お住まいの市町村の子育て支援や保育サークル、親同士のもともとの友人関係など、最初のきっかけは何でもいいのです。似たような年齢の子ばかりでなく、大きいお兄ちゃん、お姉ちゃんがいて、赤ちゃんがいて、さらには親とはまた違うアプローチで自分たちと接する大人の存在がいてというのが理想的です。

幼稚園や学校とは違う、もちろん家庭とも趣を異にする集団とのふれあいは、しょっちゅう定期的に行われる必要はありません。たまにであっても、何がしかの思い出や思い入れを子供の中に生じさせることでしょう。そうした体験と、そのときの思い出や感動は、子供の心のこやしになるはずです。

祖父母とのつきあい方

おじいちゃん、おばあちゃんというのは、子供にとっては親に次いで身近な存在の大人たちです。

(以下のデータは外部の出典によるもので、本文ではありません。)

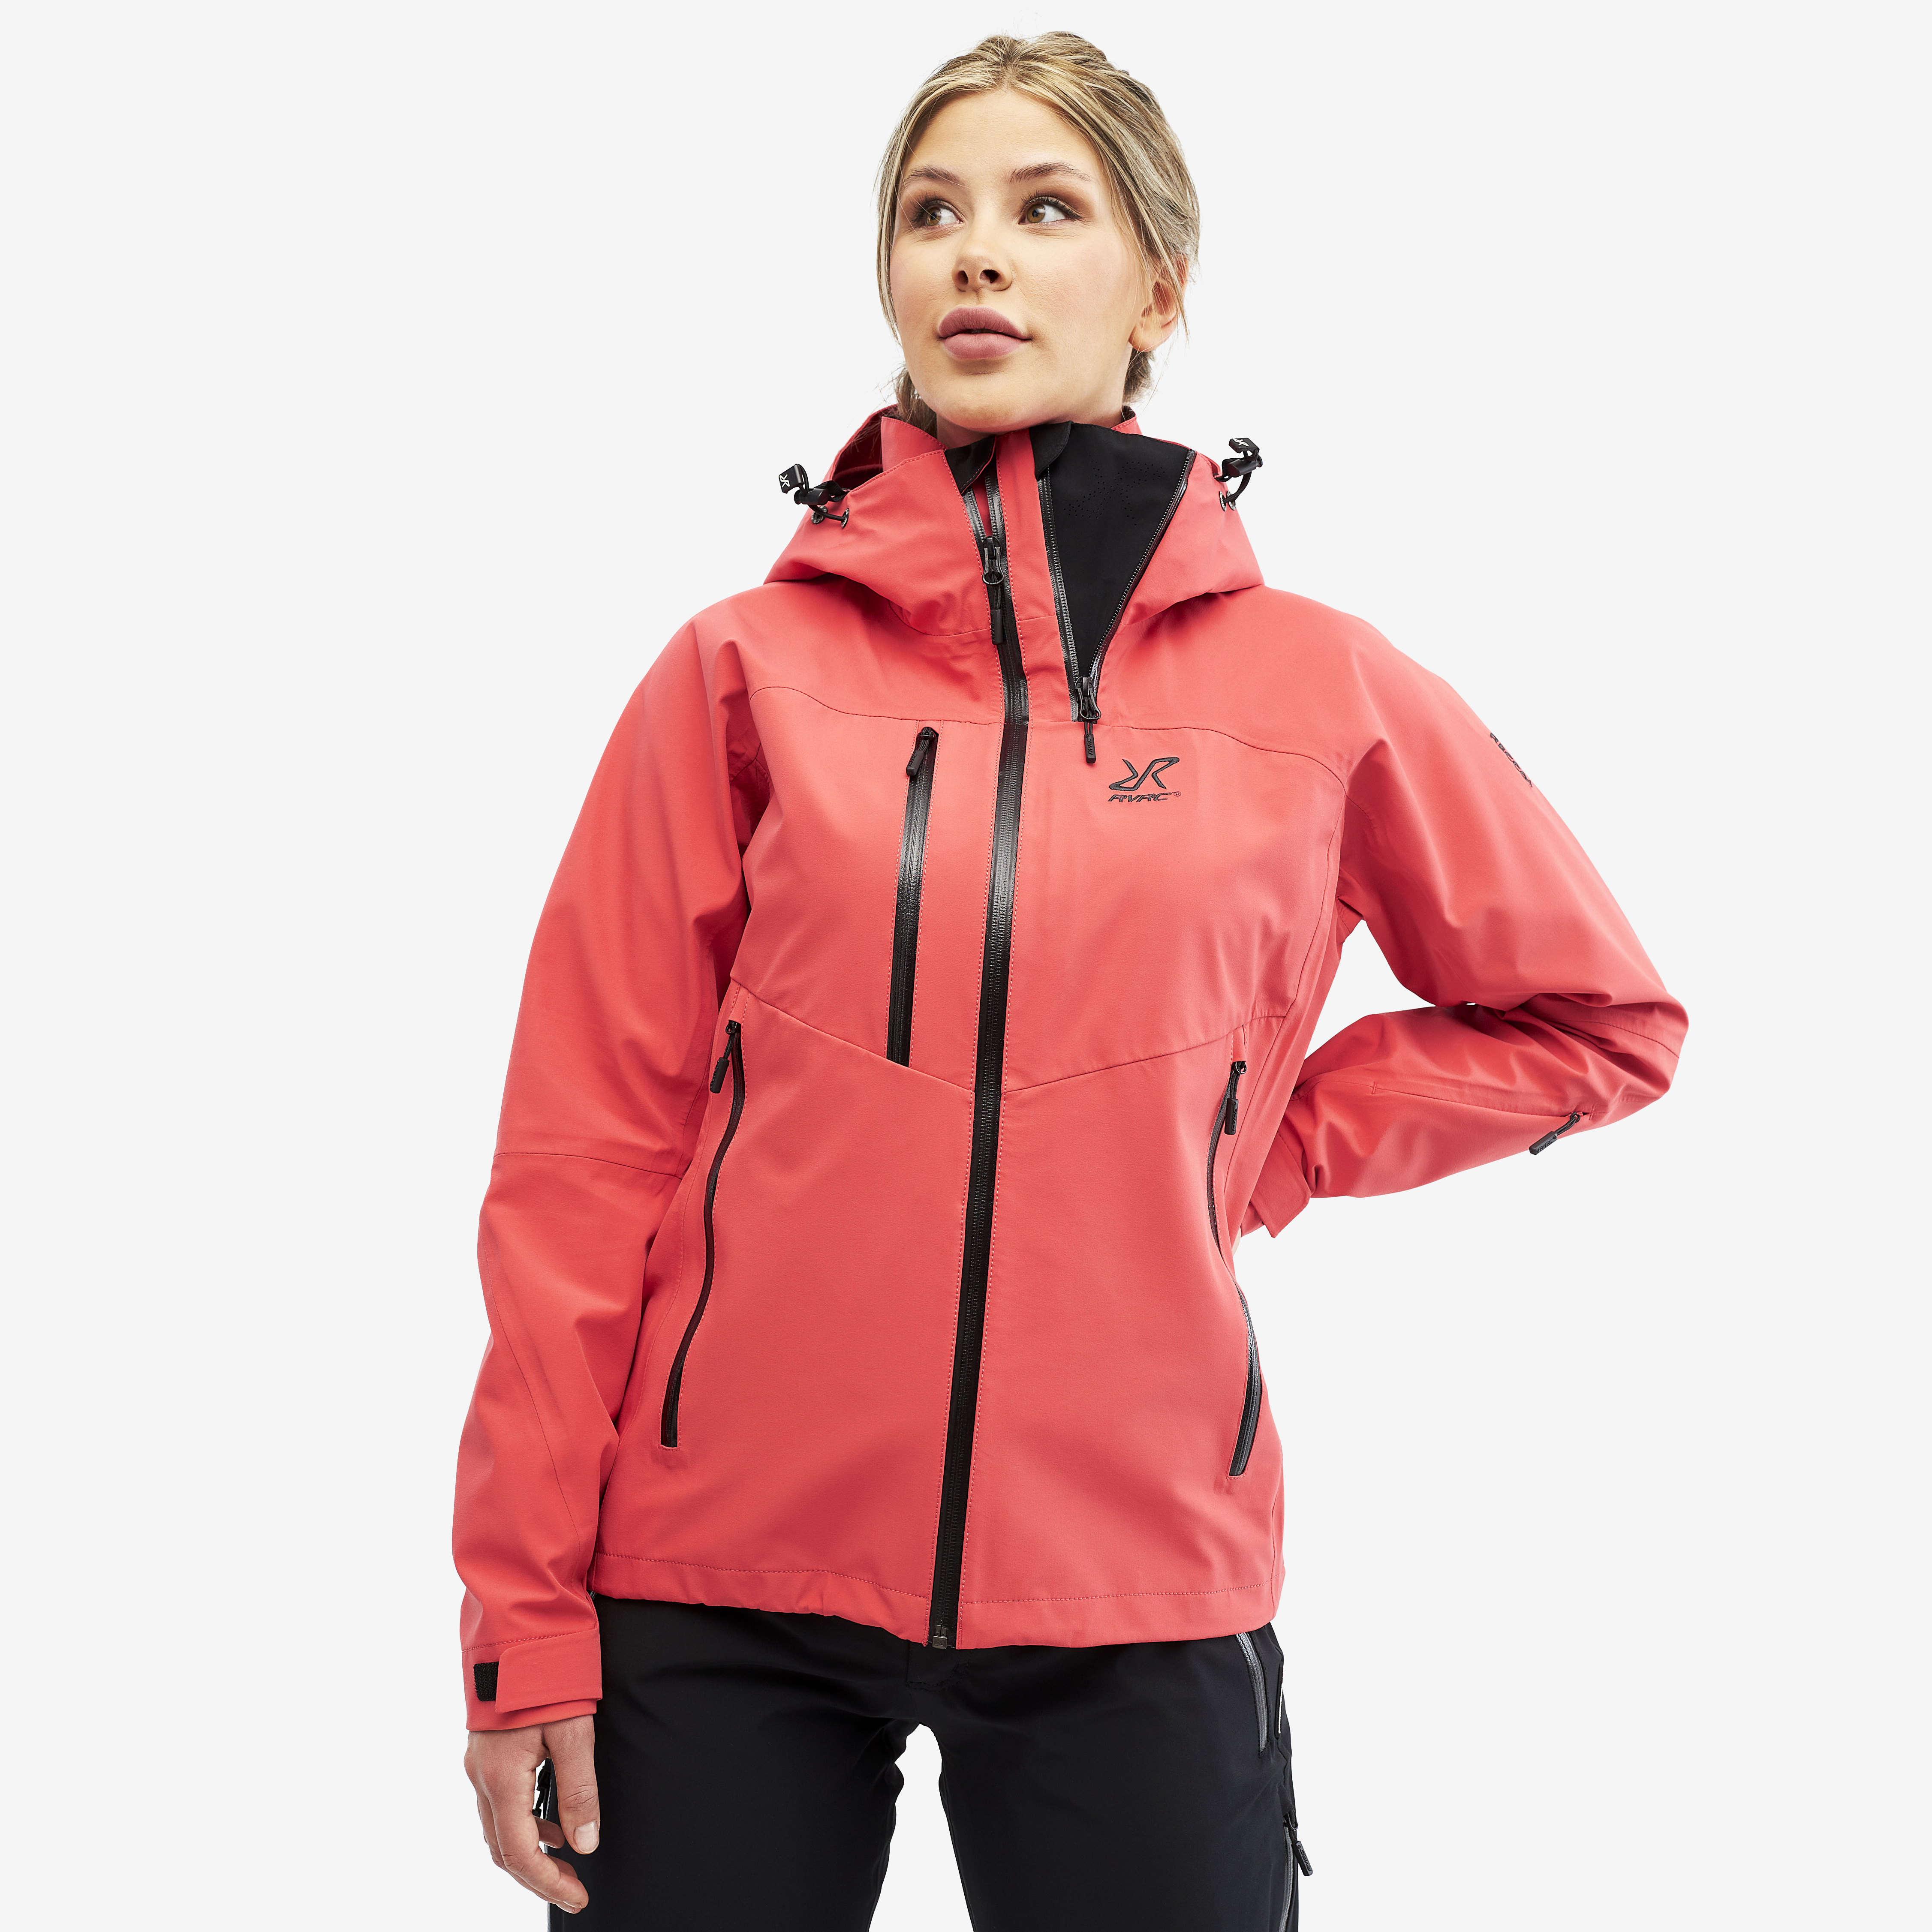 Cyclone Rescue Jacket 2.0 Spiced Coral Women

祖父母たちにとって孫というのは、「目に入れても痛くない」と言われるほどかわいい存在であることが多く、ついつい甘やかしてしまうといった事例もないではありませんが、それは逆に言うと、時にはシビアに物事をとらえ、子供に厳しいことを言わざるを得ない親たちとは違い、子供たちにとっては「自分を絶対に否定しない大人」にもなり得るということです。

実際、そう頻繁にあう存在でなかったとしても、「おじいちゃんやおばあちゃんが大好き」だと言う子供はたくさんいます。そこに長い人生経験から得た知恵や、練り上げられた人間性が加われば、良き人生の師匠ともなれます。

今後、さらに高齢化社会の問題は深刻化していくことが予想され、今の子供たちは、その社会を支える一員になる必要があります。

そうして身近に高齢の方が増えていく状況の中では、子供たちにとって「お年寄り」を身近な存在として感じ、接することができるというのは、必要な心構えの一つと考えられます。そうした意味でも、一番身近な高齢者である祖父母とは、良好な関係を築いておきたいところです。

両親の立場からすると、ジェネレーションギャップによる子育てメソッドの違いなどから、祖父母(そもそも自分の「親」の立場である場合もありますが)が要らぬ「進言」してくるのが疎ましいなど、細かな問題は間々起こりがちです。

甘やかしがちだったり、構いがちだったりする祖父母に対し、あれもダメ、これもダメとダメ出しばかりでは、「かわいがっているだけなのに」と気を悪くするでしょうし、そもそもの考え方がずれている場合、理屈・理論では通じないこともあります。

そこで、親としてここだけは絶対に譲れないというラインについては、納得してもらえるようにしっかりと説明しましょう。

例えばお子さんに何らかの食品アレルギーがある場合、高齢の方の場合、アレルギーについての知識や認識が現代の常識とは合わず、「食べないのはわがまま」「好き嫌い」などととらえ、食べさせてはいけないと注意したものを与えてしまったというトラブルはよく聞かれます。

時には命にかかわる問題でもありますから、こういったところは厳しく注意しなければなりません。